To help the reader understand Lessing's concept of the "inner truth" of religion, we would like to cite, in support of this concept, H. Richard Niebuhr's well-known theory of "inner history." According to Niebuhr, there are two kinds of history: "history as lived" and "history as seen." He brilliantly explains the distinction by taking as an example "a man who has been blind and who has come to see."
A scientific case history will describe what happened to his optic nerve or to the crystalline lens, what technique the surgeon used or by what medicines a physician wrought the cure, through what stages of recovery the patient passed. An autobiography, on the other hand, may barely mention these things, but it will tell what happened to a self that had lived in darkness and now saw again trees and the sunrise, children's faces and the eyes of a friend.40
Niebuhr therefore calls history as seen "outer history" and history as lived "inner history," stressing the importance of making a clear distinction between the two.41
Niebuhr's distinction between inner and outer history is not meant to devalue objective historical description.
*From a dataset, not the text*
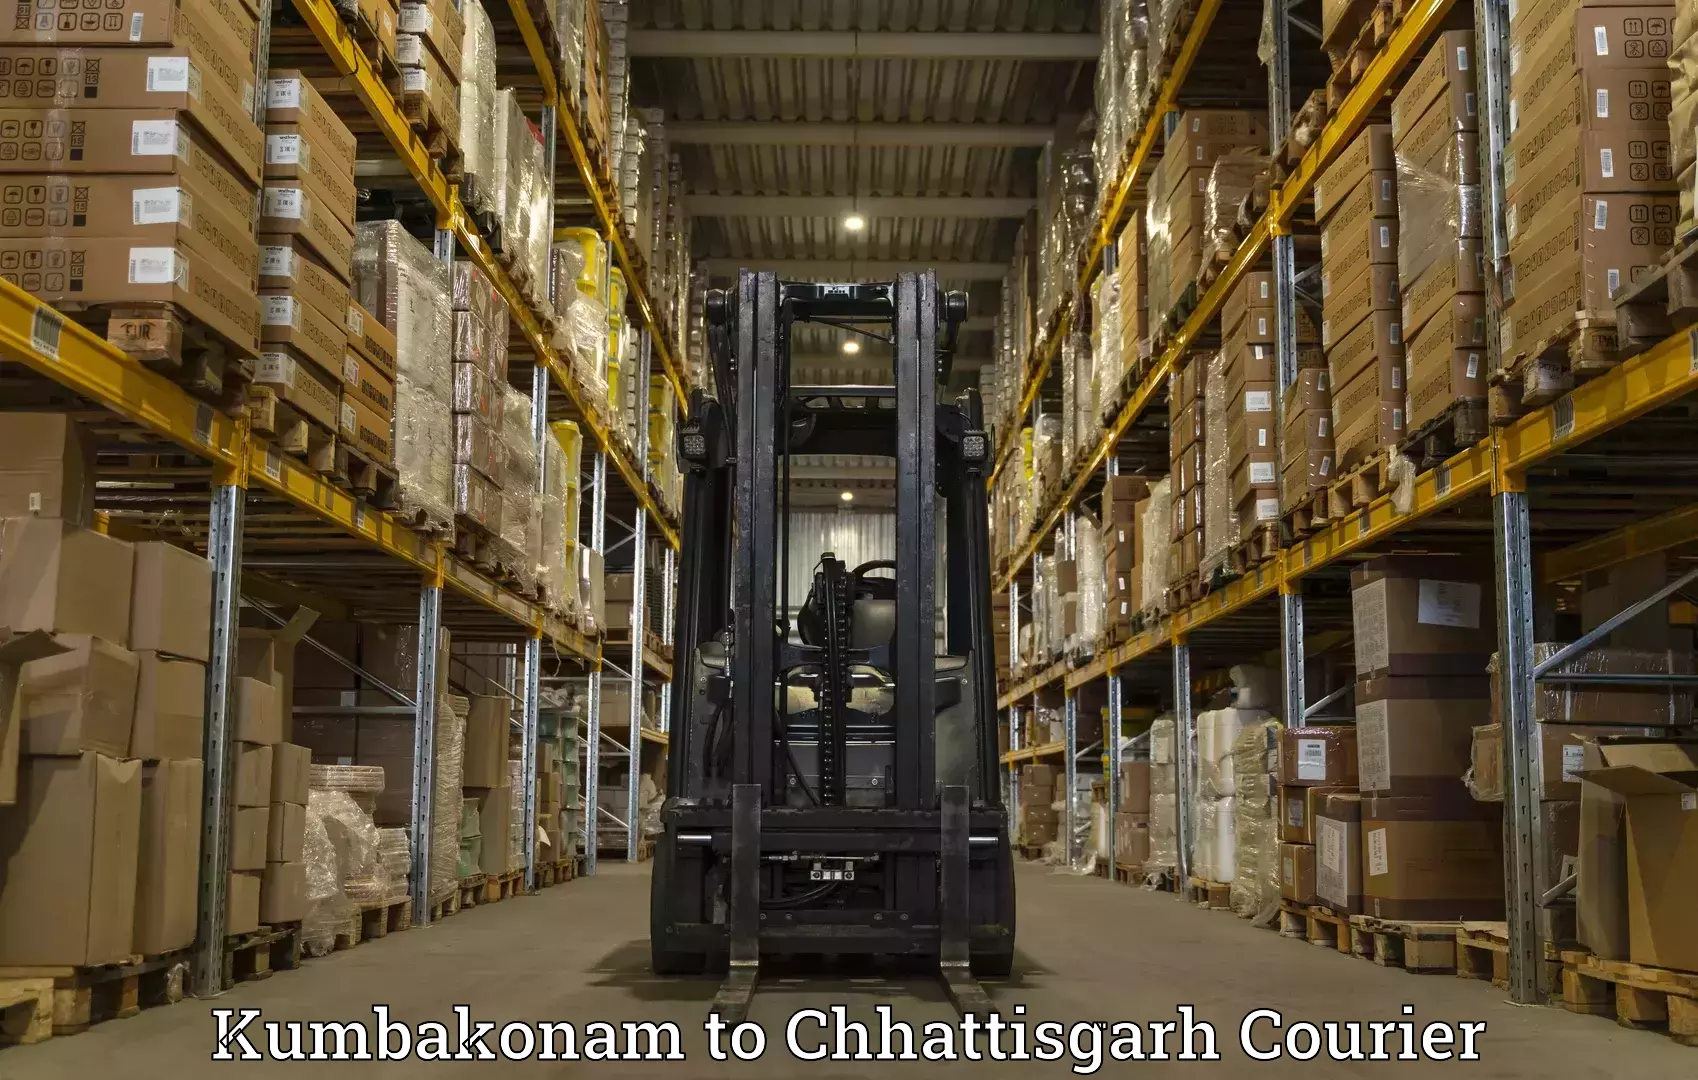 High-performance logistics Kumbakonam to Korea Chhattisgarh

But implicit in his claim for the validity of inner history is that it is the patient, not the doctor, who actually feels or experiences the results of the cure or operation. Likewise, in Lessing the efficacy of the electric therapy is substantiated by the paralytic who undergoes it. And when the paralytic experiences the beneficial shocks of the electric spark, the question of who discovered electricity, or whose scientific theory is correct, is not of the least importance to the patient. What is important is the fact that he or she has been cured or is being cured. The same, Lessing holds, is true of religion. According to him, the truth of a religion is recognizable only when one participates in it from within, not when it is objectified in theory or doctrine.42 This, in brief, is what Lessing means by his concept of the inner truth of religion.
This being the case, Lessing's idea of the inner truth of religion is by no means the "subjective religion" that Goeze attacks. Nor is it a truth of reason which, like mathematical truth, is capable of demonstration by strict methods and procedures. It is a truth based on the evidence of feeling, not on that of reason.
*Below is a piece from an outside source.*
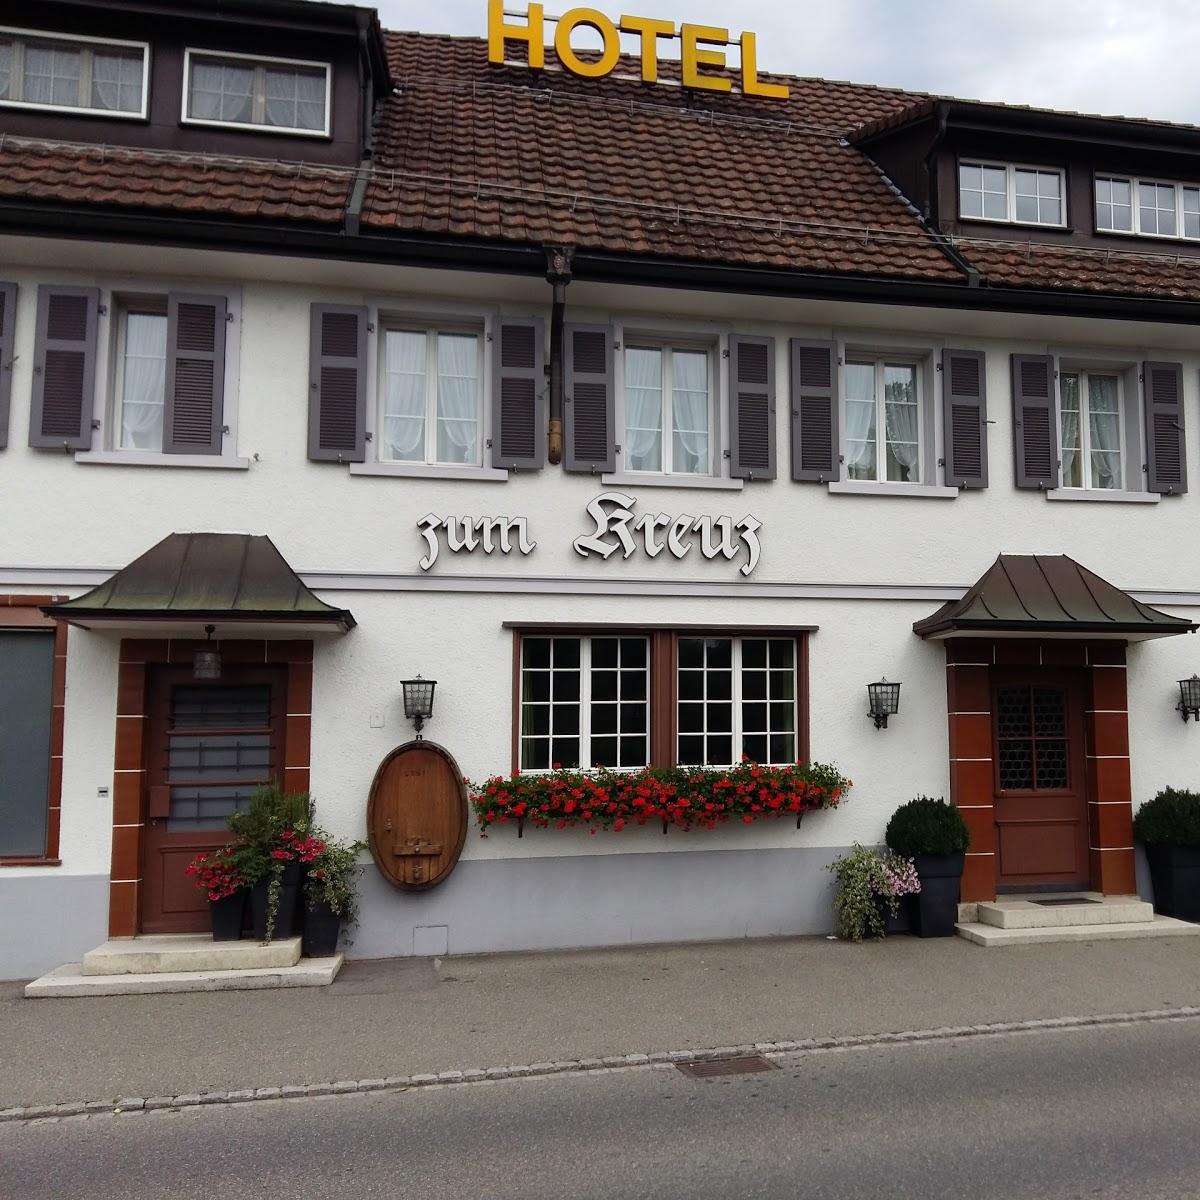 Restaurant "Kreuz" in Kaiserstuhl

Why, then, does Lessing use such an ambivalent concept? In our opinion, which is based on Harald Schultze's judgment, Lessing, in view of biblical studies that used the modern, historico-critical method, shrewdly perceived the unworkability of Lutheran orthodoxy's theological apparatus. He adhered to the truth of the Christian religion, but wanted to substantiate its truth claim in a way different from the way of Lutheran orthodoxy. He sought to find the ultimate basis for Christian faith in the believer's inner experience and feeling, which were supposedly invulnerable to historical criticism. Thus he invented the problematic concept of the "inner truth" of religion.
If this interpretation is correct, it may be possible to regard Lessing's concept of the inner truth of religion as a harbinger of a direction in modern theology advanced in later years by Schleiermacher.